I am congratulating SEOmoz not only on their new office (which looks cool as poo).

But more for their new hires. I think one of the better moves they have made was to hire Jennifer.


Jennifer Lopez


I do not know the inner workings of SEOmoz, but I can confidently say that Jennifer is one of the more impressive people I have met and dealt with in the last few years (I don’t remember when we actually met, but as you all know I am usually drunk).

One of the first conversations about Jennifer I ever had was someone accusing me of “trying to steal her”. I sorta was. update: I was trying to “steal” her because she was a talented developer who understood stuff I was talking about. She was clearly a talent.


She really got what I was talking about when I talked (and for anyone who has ever talked to me you know that is a feat). Later, for another company I suggested we use her, and when I contacted her that time, she again understood what I wanted, and she provided a very professional outline for the project.

When she was applying for SEOmoz she asked if I would recommended her, well the truth was, I would have jumped through rings of fire for her to get that job. One of my happier moments was when I learned they had hired her.


Danny Dover


The other impressive person I have always admired is Danny Dover, who started writing great straightforward posts that in my opinion had been missing since Matt left. In addition to being smart and able, he also had the balls to accept my invitation to fly out to Arizona one time for a party where I was supposedly going to drink him under the table.
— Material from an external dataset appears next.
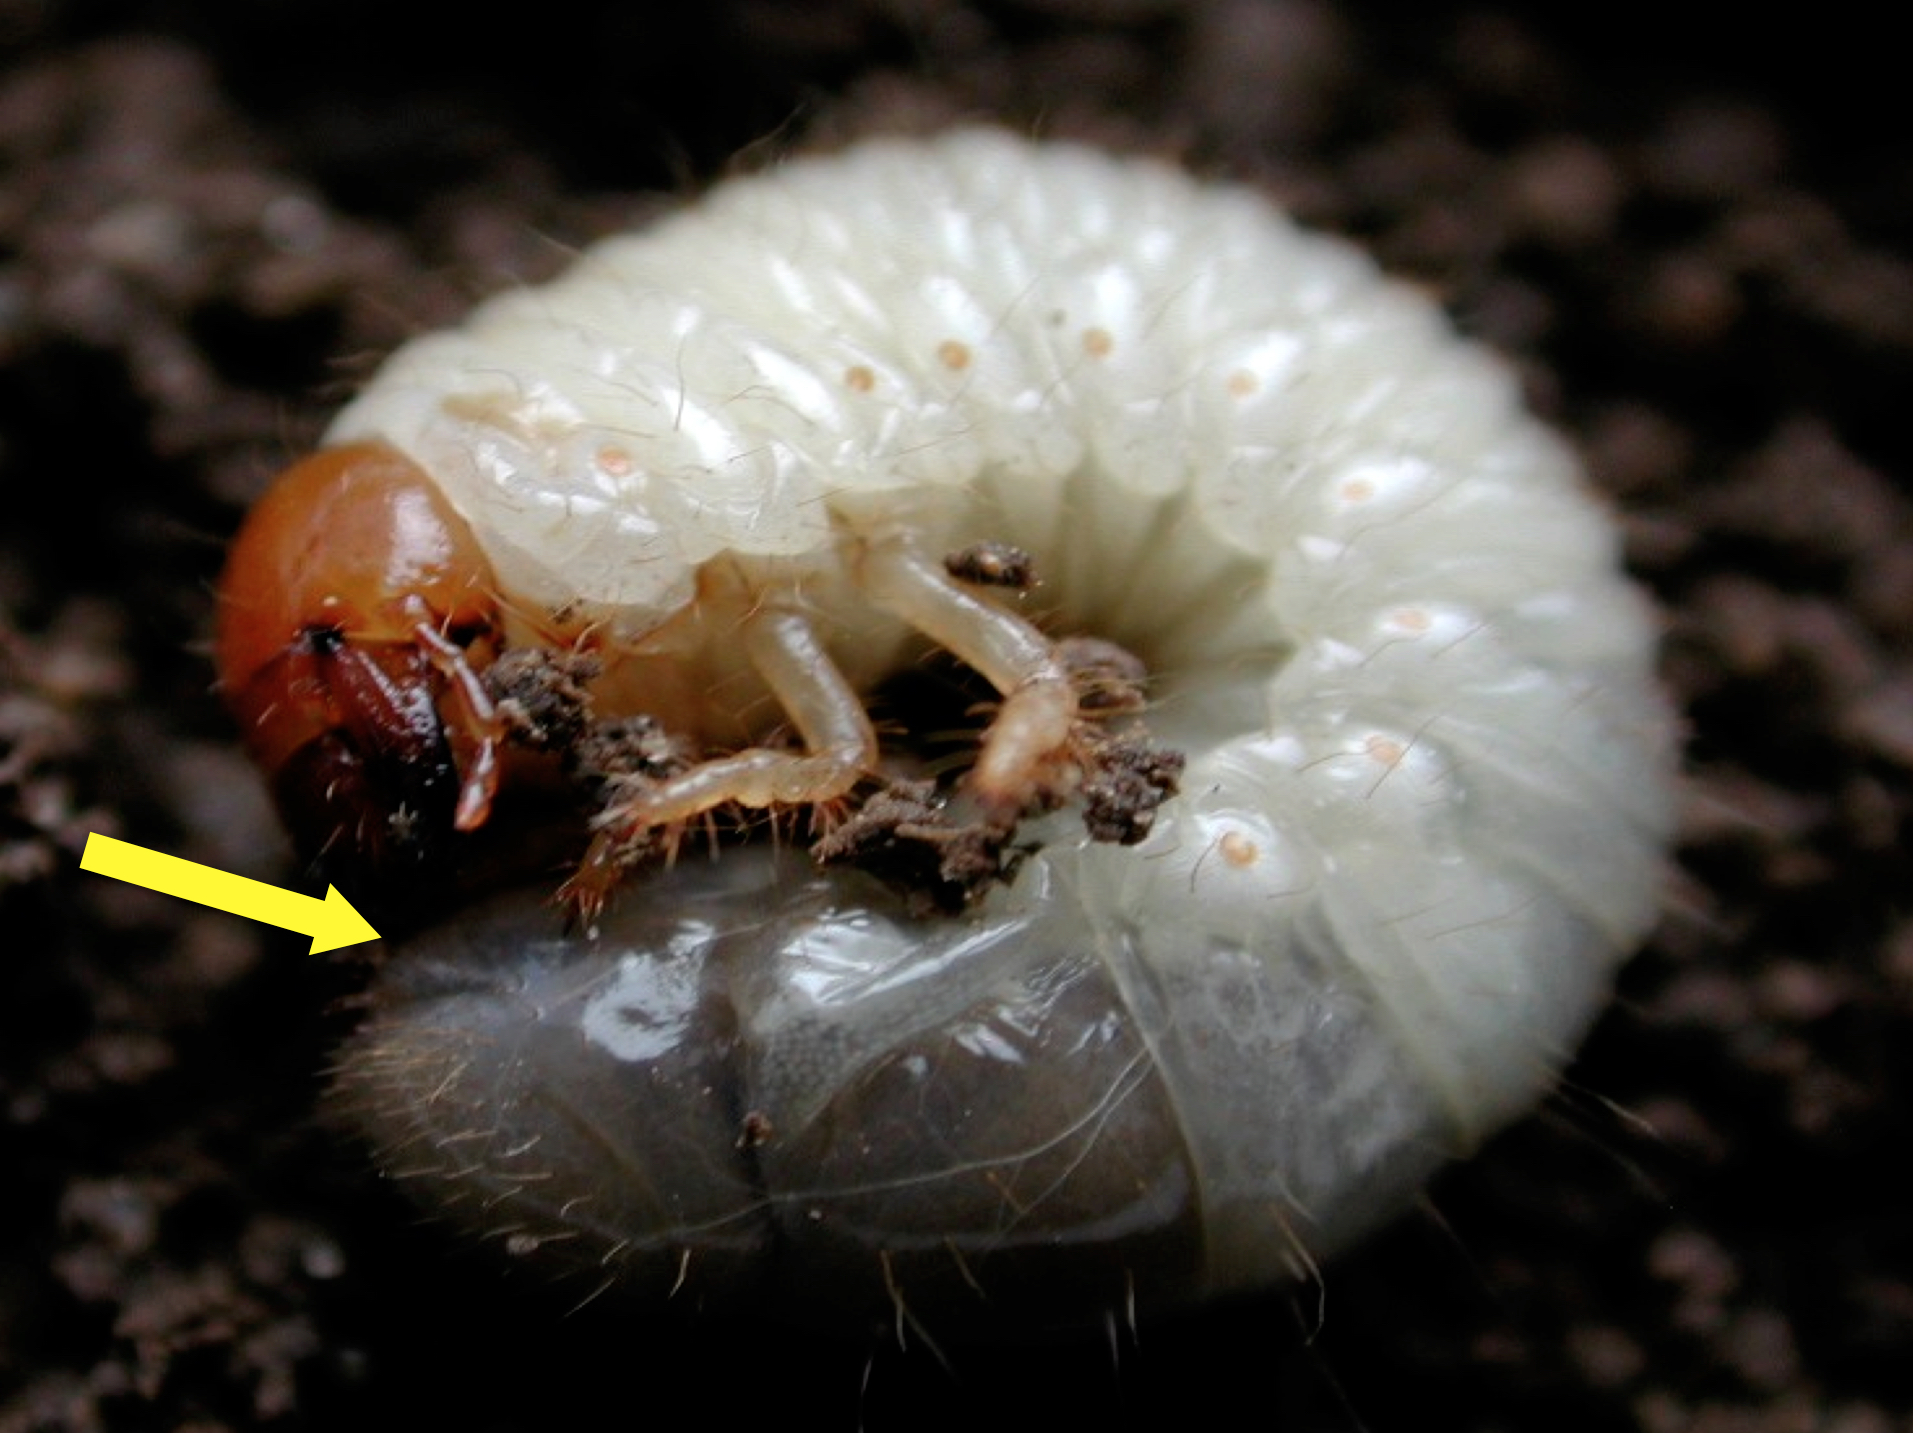 The Simple Guide To Diagnosing And Controlling A Grub Infestation

I didn’t, but in my defense I was drinking for hours before he showed up.


But the real point here is that Danny writes really useful stuff. I admire that.
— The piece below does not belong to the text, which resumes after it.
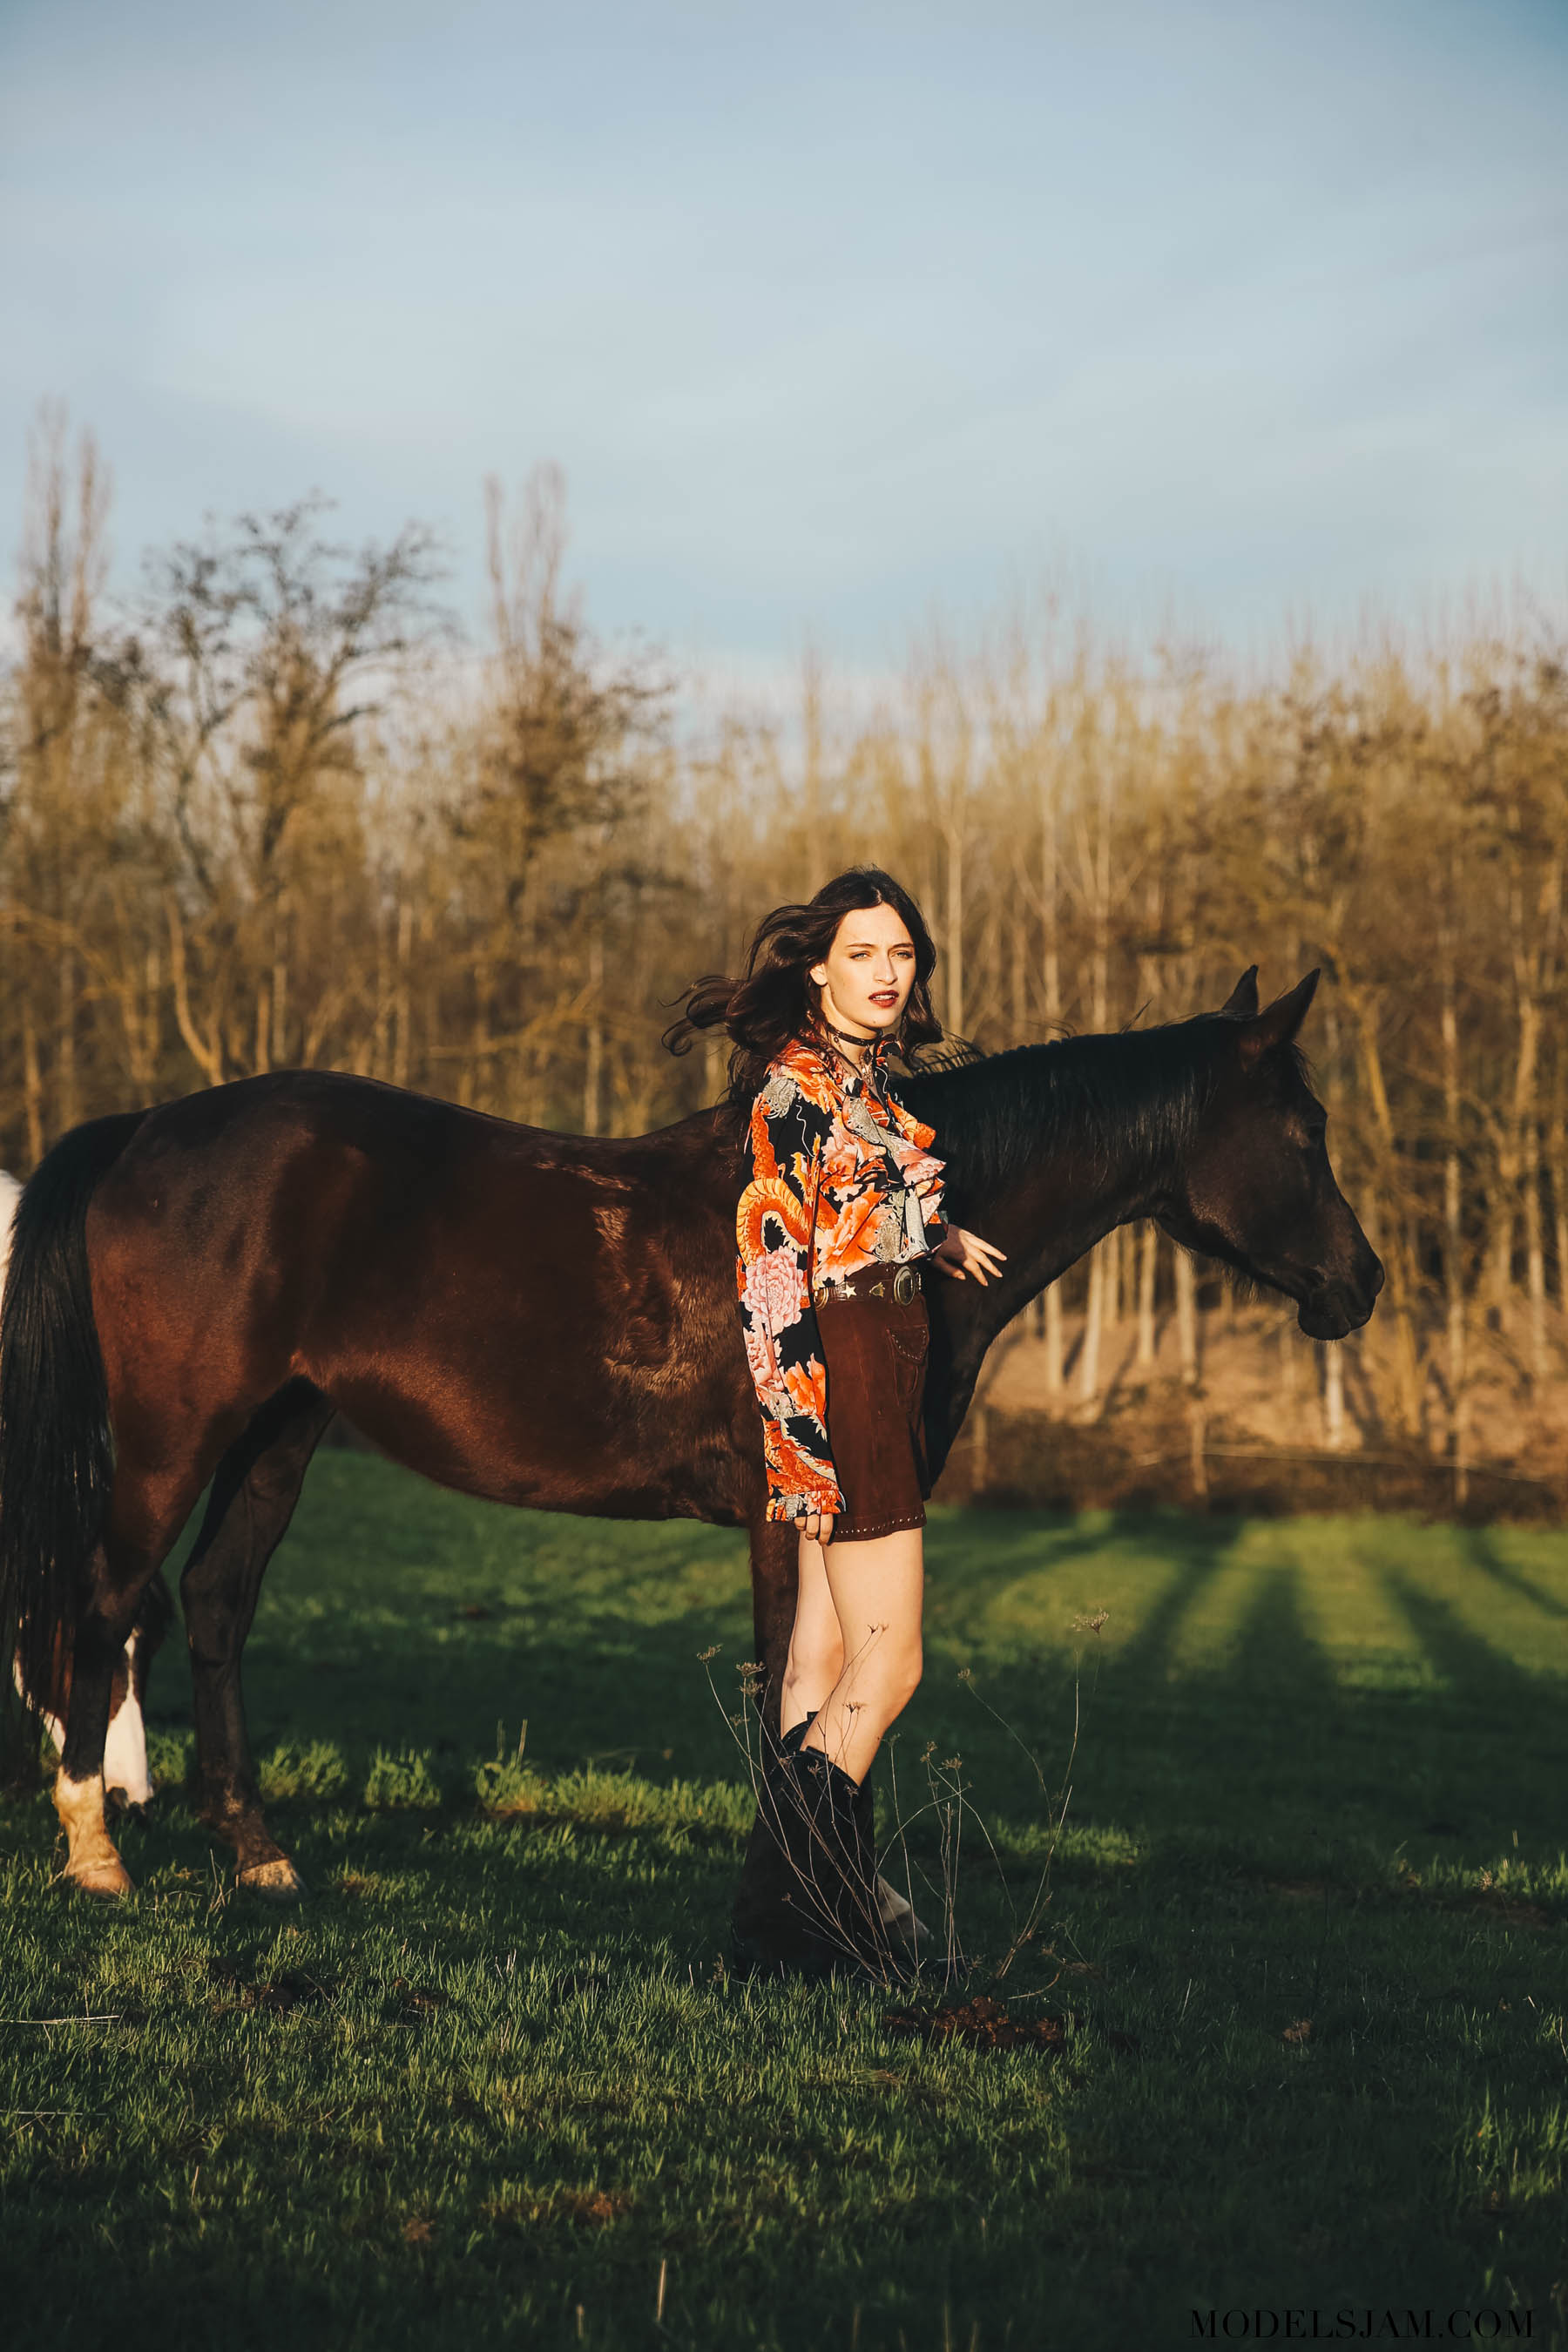 Benedetta Casaluce is photographed by Pier Grassano and styled by Angelica Ardasheva for Models Jam editorial wearing redemption blouse Blessed skirt Horse Ac Ranch

Another wonderful new hire is Joanna Lord.


Joanna Lord



Joanna is like 27 times smarter that anyone talking to her realizes.


I am not sure what her role will end up being for SEOmoz, but if they are using her for their clients PPC then they are likely having some very happy clients.

I think nowadays it is alot more clear how talented she is because she has been speaking up a storm at conferences.


What a great addition to an already great staff.


Why am I writing This?


I used to be an avid contributor to SEOmoz and I stopped. I have to admit, as many of my contempories know and maybe feel themselves, there was a certain personality to SEOmoz a few years ago.


I had a comfort zone that included Rebecca, Matt, Scott, and Jane. They were a big part of why I was there. It was like a family to me.


Three of those people are now gone, but I really think it is time to take a second look at SEOmoz again, at least that is what I will be doing.

I hope others do too. It has always been a great community and it is chock full of great talent again.